Location
- Country: United States
- State: New York
- County: Greene

Physical characteristics
- Source: Kaaterskill Wild Forest, Catskill Park
- • location: Kaaterskill Wild Forest, Haines Falls, New York
- • coordinates: 42°13′18″N 74°05′13″W﻿ / ﻿42.22167°N 74.08694°W
- Mouth: Catskill Creek
- • location: Cauterskill, New York
- • coordinates: 42°13′18″N 73°53′15″W﻿ / ﻿42.22167°N 73.88750°W

= Kaaterskill Creek =

Kaaterskill Creek is a 25.9 mi tributary of Catskill Creek in Greene and Ulster counties in New York.

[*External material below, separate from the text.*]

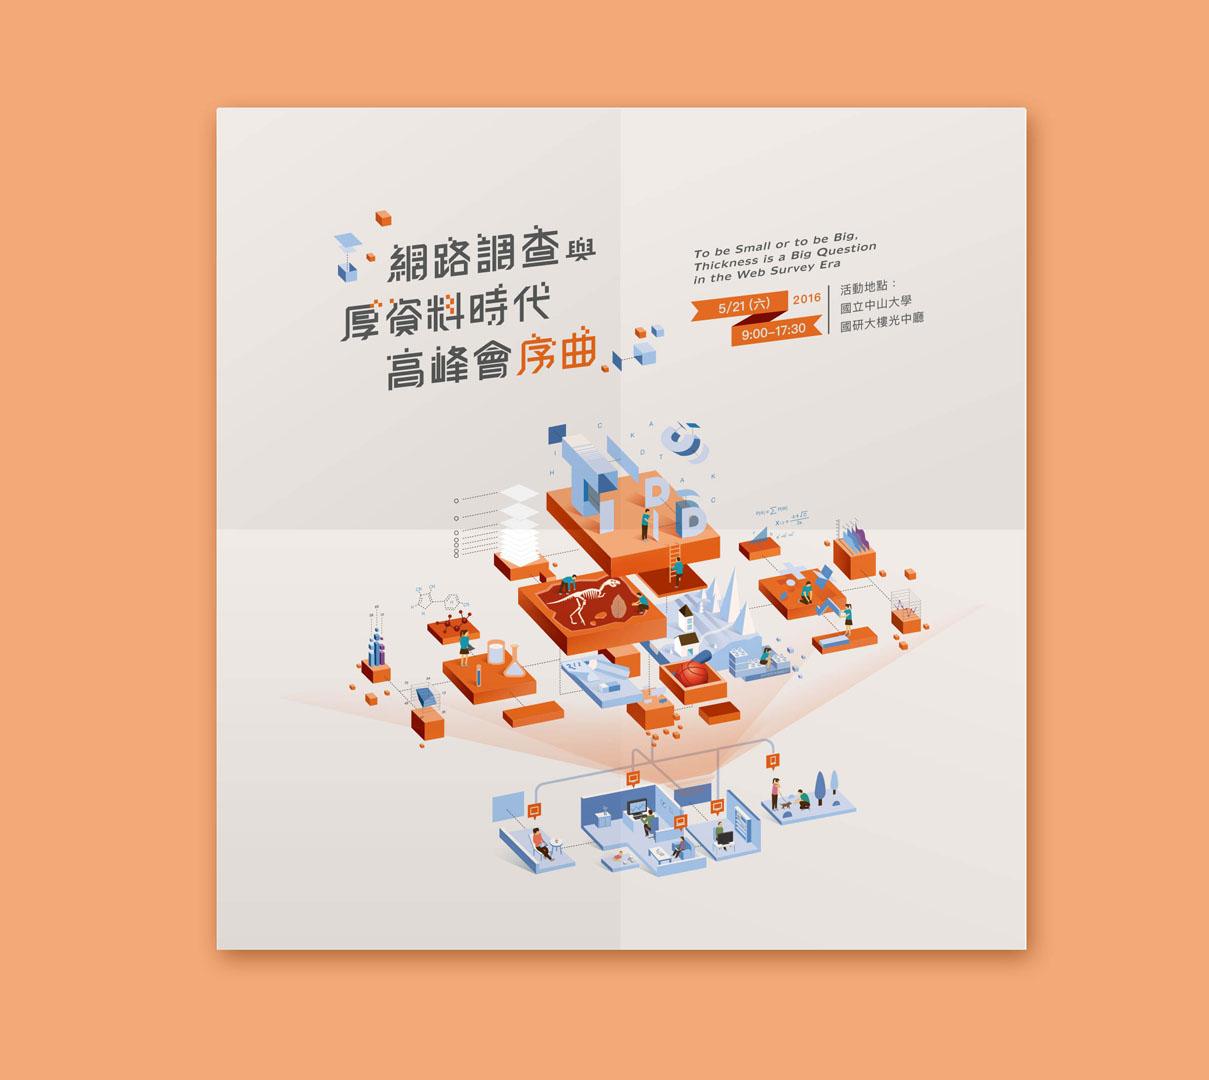 2016.04. 微笑小熊 網路調查與後資料時代高峰會序曲 活動主視覺設計 - 手心設計事務所

Via Catskill Creek, it is part of the Hudson River watershed.

Kaaterskill Creek rises in the town of Hunter within the Catskill Forest Preserve, northwest of the village of Tannersville. It flows south to the hamlet of Haines Falls, where it turns east and drops precipitously into Kaaterskill Clove, paralleled by New York Route 23A and receiving Spruce Creek from the north, which drops over Kaaterskill Falls. Kaaterskill Creek exits the mountains at the hamlet of Palenville and takes a zigzag course, crossing back and forth between Greene and Ulster counties, before finally turning northeast and flowing to its mouth at Catskill Creek near Cauterskill, New York, just west of the village of Catskill.